Geringe Beschäftigungsquote und Armutsgefahr
Etwa ein Viertel der EU-Bürger*innen über 16 Jahren (ca. 87 Millionen Personen), vor allem ältere Menschen, leben eigenen Angaben zufolge mit einer Behinderung, so der Bericht. Da die EU-Bevölkerung altert, werden ihr Anteil und ihre Zahl wahrscheinlich zunehmen. Im Jahr 2021 hatten laut der Statistikbehörde Eurostat nur 51 % der Menschen mit Behinderungen einen Arbeitsplatz, gegenüber 75 % der Menschen ohne Behinderungen. Dem zufolge blieb die Beschäftigungslücke bei Menschen mit Behinderungen beinahe genauso groß wie 2014, als die Aufzeichnungen begonnen hatten. Menschen mit Behinderungen sind zudem stärker von Armut bedroht, wobei das Risiko für Frauen höher ist als für Männer.

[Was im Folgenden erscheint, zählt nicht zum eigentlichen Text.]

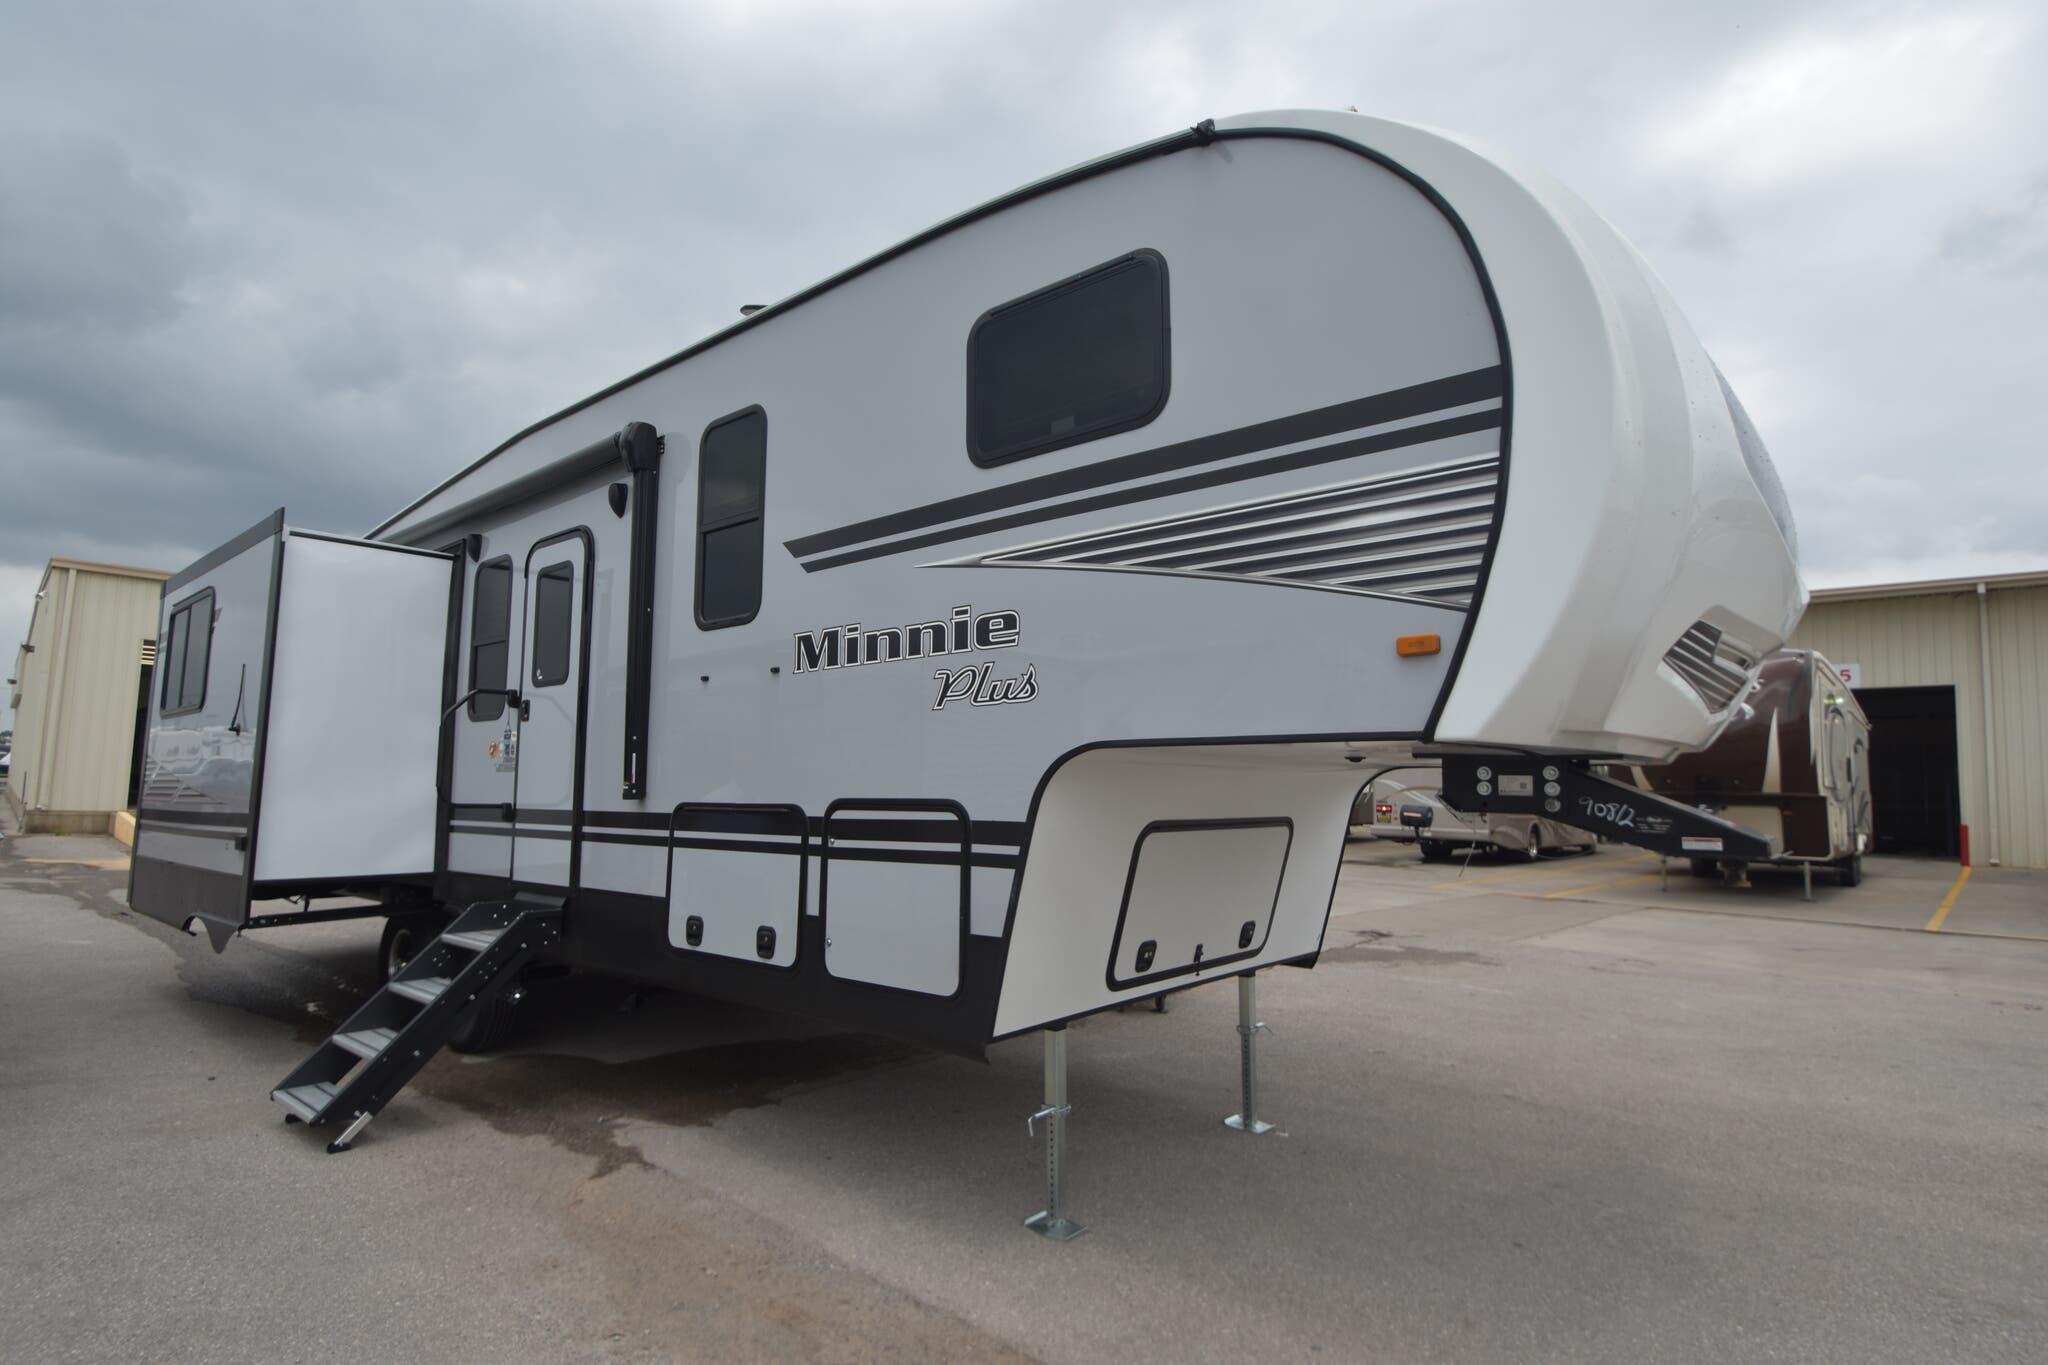 90812 - 2020 Winnebago Minnie Plus 29MBH Fifth Wheel for sale in

„Die Kommission hat sich verpflichtet, Menschen mit Behinderungen dabei zu helfen, gleichberechtigt am täglichen Leben teilzunehmen, aber die Maßnahmen der EU zeigen nur wenig praktische Auswirkungen“, erklärte Stephanus Abraham „Stef“ Blok, für die Prüfung zuständiges Mitglied des Europäischen Rechnungshofs. „Menschen mit Behinderungen in der EU haben es immer noch schwer, einen Arbeitsplatz zu finden und die Armut zu bekämpfen, und auch ihre Freizügigkeit wird behindert.“
Uneinheitlicher Behindertenstatus
Die Mitgliedstaaten seien dem Report zufolge in erster Linie für die Politik der sozialen Eingliederung zuständig, würden aber sehr unterschiedliche Unterstützung und Leistungen für Menschen mit Behinderungen anbieten und auf unterschiedliche Weise entscheiden, wer förderfähig ist. Darüber hinaus würden sie den von anderen Mitgliedstaaten zuerkannten Behindertenstatus nicht anerkennen, was einer barrierefreien Freizügigkeit entgegensteht. Infolgedessen riskierten Menschen mit Behinderungen, die ein anderes EU-Land besuchen oder zum Arbeiten oder Studieren umziehen, im Vergleich zu Inländer*innen in einer ähnlichen Situation eine Ungleichebehandlung. Sie seien nicht nur mit mehr Bürokratie konfrontiert, sondern hätten möglicherweise auch nicht den gleichen Zugang zu Dienstleistungen wie ermäßigten Gebühren für Museen oder Verkehrsmittel.
Rechtliche Mängel
Die Rolle der EU bestehe darin, Unterstützung und Koordination zu bieten. In ihrer Strategie 2021-2030 habe die Kommission die meisten früheren Mängel behoben und eine Reihe von Vorzeige-Integrationsinitiativen wie den Europäischen Behindertenausweis und das Beschäftigungspaket für Menschen mit Behinderungen vorgeschlagen – beides seien Schritte in die richtige Richtung, so die Prüfer*innen. Allerdings lasse die Strategie viele wichtige Fragen ungelöst. Fortschritte in diesem Bereich würden behindert, indem die EU-Gleichbehandlungsrichtlinie nicht umgesetzt werde und die Mitgliedstaaten das europäische Gesetz zur Barrierefreiheit nur langsam in nationales Recht umsetzen würden. Auch die Verknüpfung mit der EU-Finanzierung sei nach wie vor schwach. Zudem verfolge die Kommission nicht, wie viele EU-Gelder tatsächlich in die Unterstützung von Menschen mit Behinderungen fließen, was Aufschluss darüber geben könnte, wie die EU-Finanzierung ihre Situation verbessert hat.
Mangelnde Datenlage
Die Prüfer*innen hätten erhoben, ob die EU-Institutionen bei der Beschäftigung von Menschen mit Behinderungen mit gutem Beispiel vorangehen. Aufgrund mangelnder Daten sei es jedoch nicht gelungen, zu beurteilen, ob diese Institutionen ihre ehrgeizigen Ziele erreichten, indem sie Menschen mit Behinderungen in ihre Belegschaft aufgenommen haben. Die Prüfer*innen empfehlen den EU-Institutionen, die erforderlichen Daten zu erheben und über die Fortschritte zu berichten.